Geometric Deep Learning: from Euclid to drug design
Monday May 10, 2021 – 3.15 pm CEST
For nearly two millennia, the word “geometry” was synonymous with Euclidean geometry, as no other types of geometry existed. Euclid’s monopoly came to an end in the 19th century, where multiple examples of non-Euclidean geometries were shown. However, these studies quickly diverged into disparate fields, with mathematicians debating the relations between different geometries and what defines one. A way out of this pickle was shown by Felix Klein in his Erlangen Programme, which proposed approaching geometry as the study of invariants or symmetries using the language of group theory. In the 20th century, these ideas have been fundamental in developing modern physics, culminating in the Standard Model.

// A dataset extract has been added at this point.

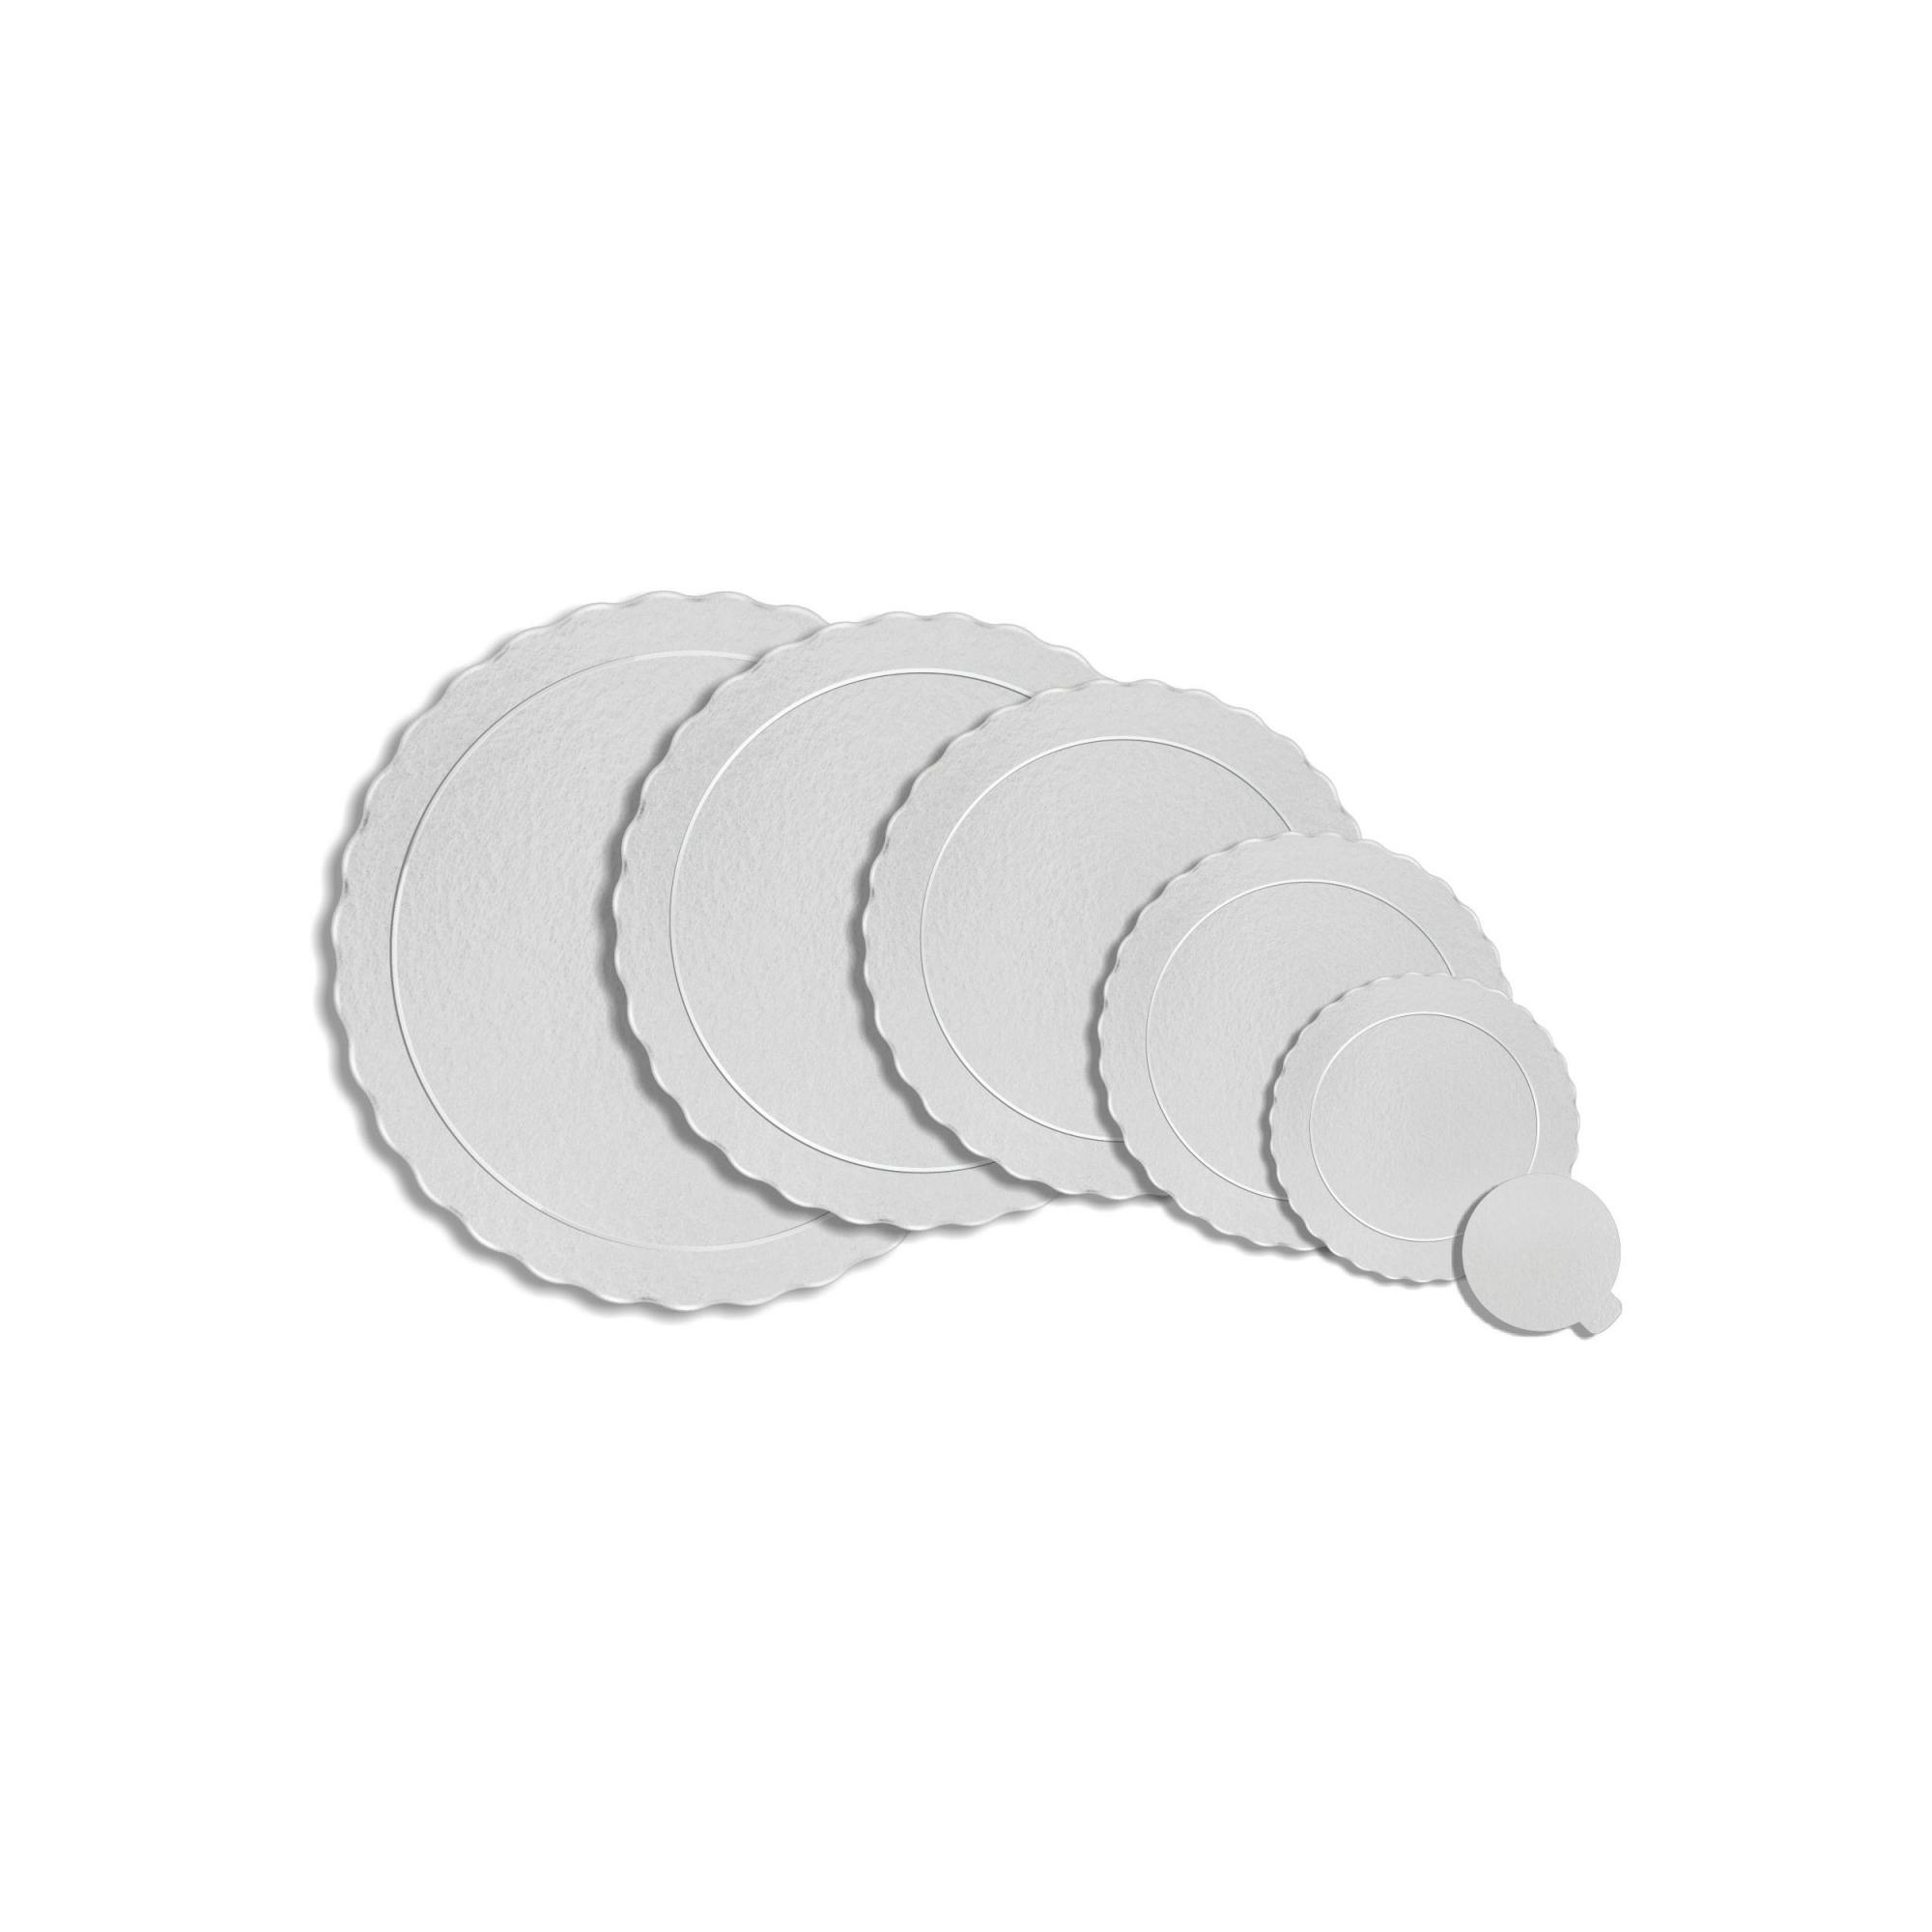 Kit 100 Bases Laminadas Para Bolo, Cake Board, 20 e 25cm - Branco
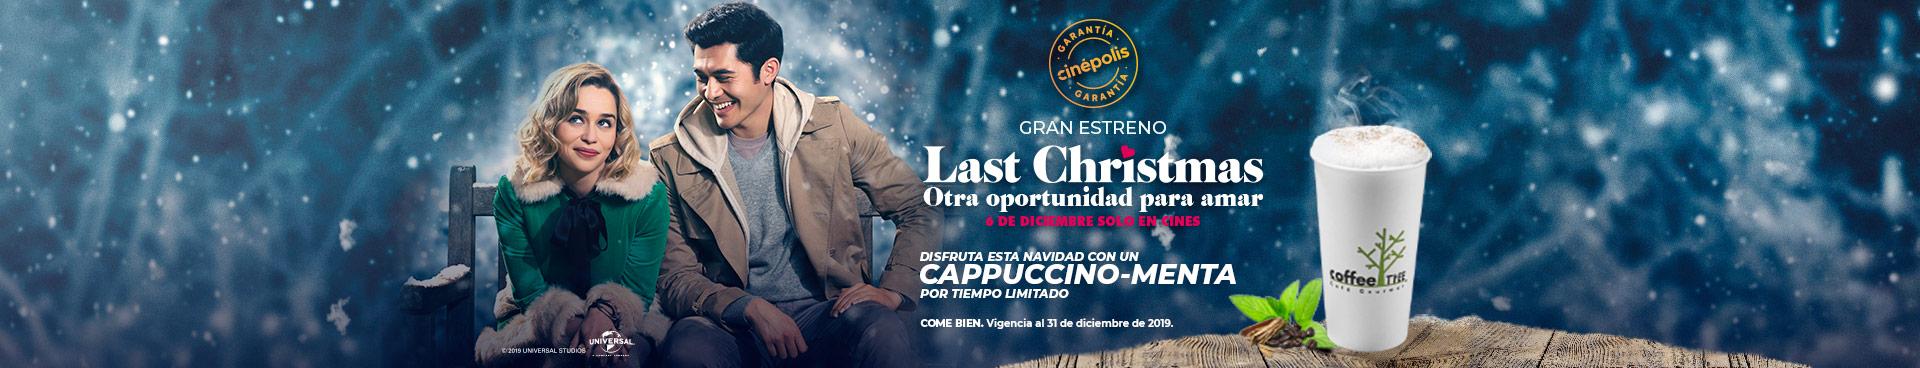 Estreno: Last Christmas Otra Oportunidad para Amar

The current state of deep learning somewhat resembles the situation in the field of geometry in the 19h century: On the one hand, in the past decade, deep learning has brought a revolution in data science and made possible many tasks previously thought to be beyond reach — including computer vision, playing Go, or protein folding. At the same time, we have a zoo of neural network architectures for various kinds of data, but few unifying principles. As in times past, it is difficult to understand the relations between different methods, inevitably resulting in the reinvention and re-branding of the same concepts.
Geometric Deep Learning aims to bring geometric unification to deep learning in the spirit of the Erlangen Programme. Such an endeavour serves a dual purpose: it provides a common mathematical framework to study the most successful neural network architectures, such as CNNs, RNNs, GNNs, and Transformers, and gives a constructive procedure to incorporate prior knowledge into neural networks and build future architectures in a principled way.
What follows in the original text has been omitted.